Bioinformatic and statistical software

All statistical analyses were performed using R version 3.6.1. After trimming of adapter sequences using fastp (0.20.0), we used Bowtie2 (2.3.0) to align paired end reads to the hg19 reference genome. PCR duplicates were removed using Sambamba (0.6.8) and the remaining aligned read pairs were converted to a bed format using Bedtools (2.29.0). We used the R package data.table (1.12.8) for manipulation of tabular data and binning fragments in 5 Mb windows along the genome. The R packages caret (6.0.84) and gbm (2.1.5) were used to implement the classification by gradient boosted trees and resampling.

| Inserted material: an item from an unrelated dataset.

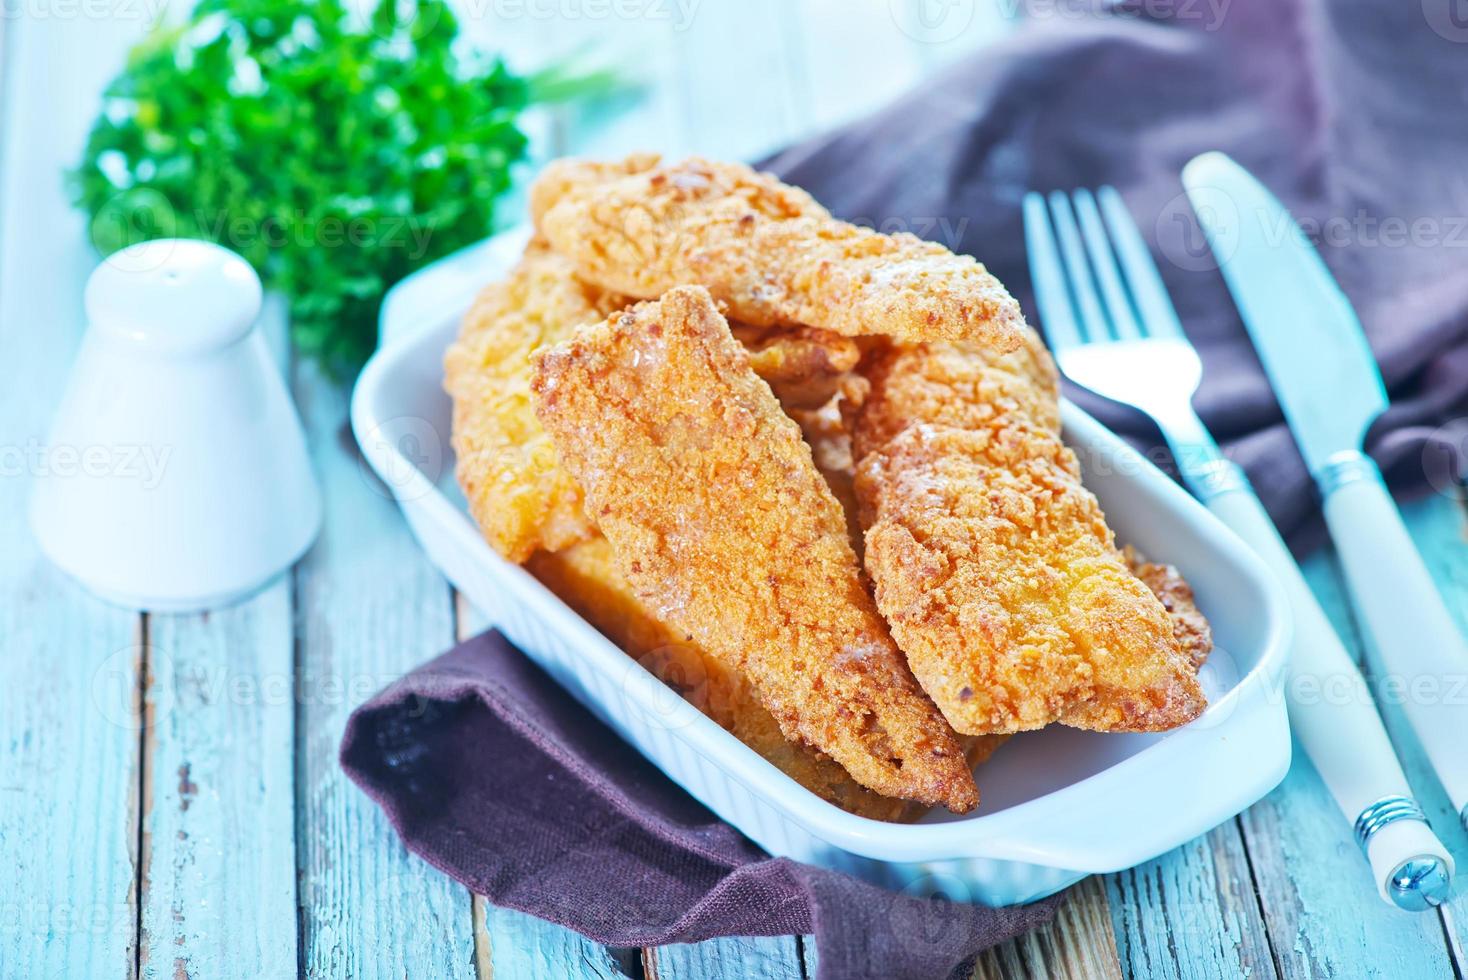 fried fish photo

Statistics and reproducibility

Computer code, software versions, and the computing environment for reproducing results from this study are provided as a GitHub repository (https://github.com/cancer-genomics/reproduce_lucas_wflow).

Reporting summary

Further information on research design is available in the Nature Research Reporting Summary linked to this article.